‘Nanny McPhee and the Big Bang’ by Emma Thompson

Everybody knows, therefore loves, Emma Thompson. After all, we’re only human.

You probably know her for winning two Academy Awards (Best Non-Original Screenplay for Sense and Sensibility and Best Leading Actress for Howard’s End) and many many BAFTA, as well as for her subtle fixation – we call it dedication – with Jane Austen and English classics.

Or simply for playing P.L. Travers in her last film Saving Mr Banks.

Her humor and wit are so fiercely captivating that it’s almost impossible not to laugh any time you see her – mostly because it’s probably her main intent from the start, to make you laugh.

Well then, guess what I thought when I found ‘Nanny McPhee and the Big Bang’, the story told by Emma Thompson, along with a diary of the days of filming (the film came out in 2010).

I was already familiar with Nanny McPhee (small c, big P), who looks horrible when she arrives, absolutely with no warning, preferably during a lightning storm.

She’s a nanny with a magic cane, who comes with a jackdaw who suffers from collywabbles because of all the window putty he eats.

Nanny McPhee works by the oddest of rules and soon Mrs Green, her three children and the two snobbish cousins will have to come to terms with it: “When you need her but don’t want her, then she must stay; when you want her but no longer need her, then she must go.”

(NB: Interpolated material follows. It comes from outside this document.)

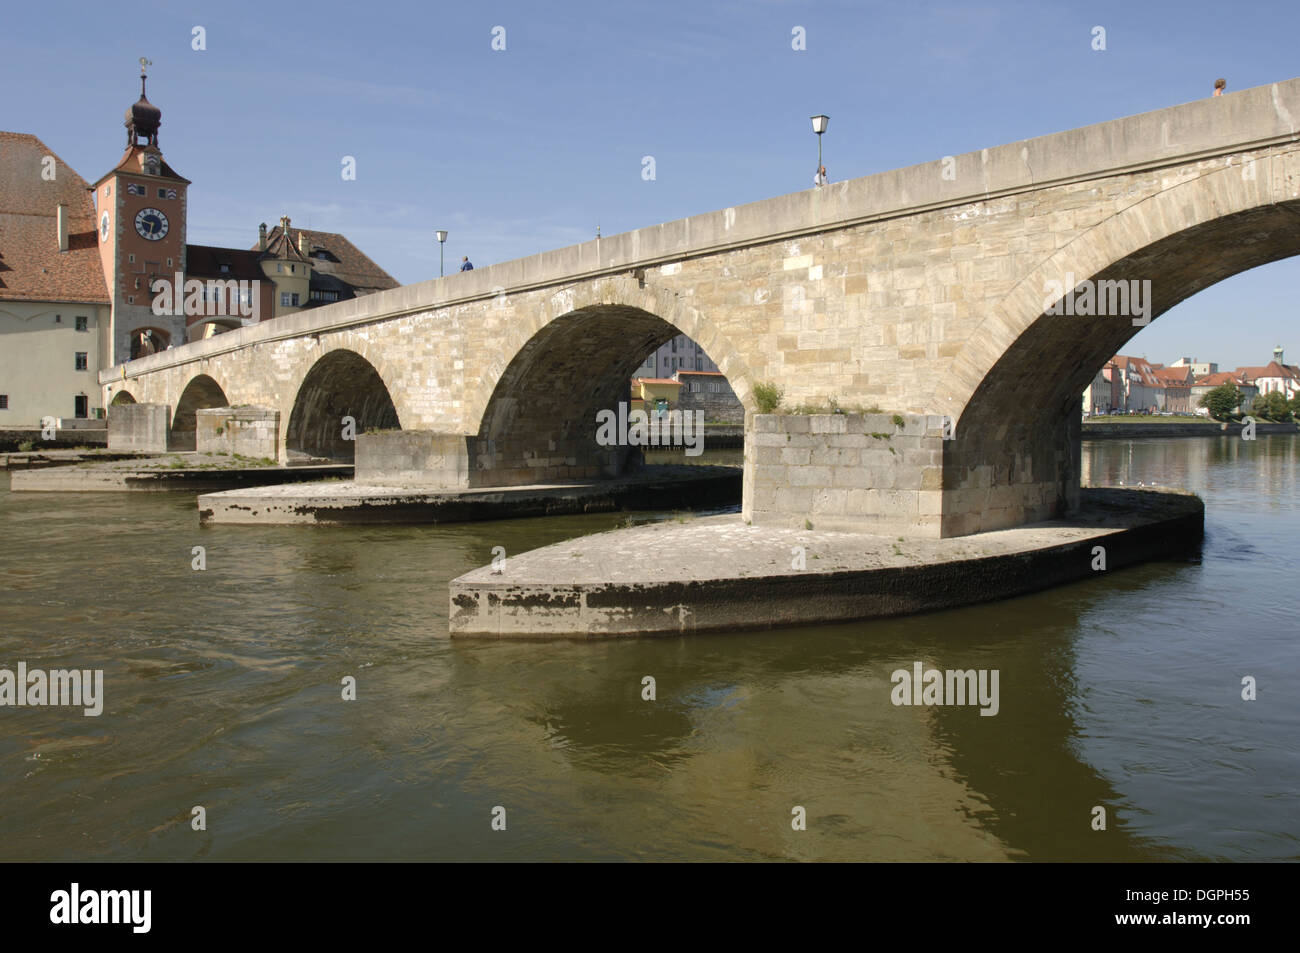 german city regensburg with old stone bridge Stock Photo

With Mr Green away to fight the war and his brother Phil insisting for Mrs Green to sell the farm she lives in and that belonged to the Green family for generations; between flying piglet and UXB (Unexploded Bomb; beware, it might go off any moment) the situation gets quickly from dramatic to tragic.

Don’t panic, though.

Is coming Nanny McPhee (small c, big P).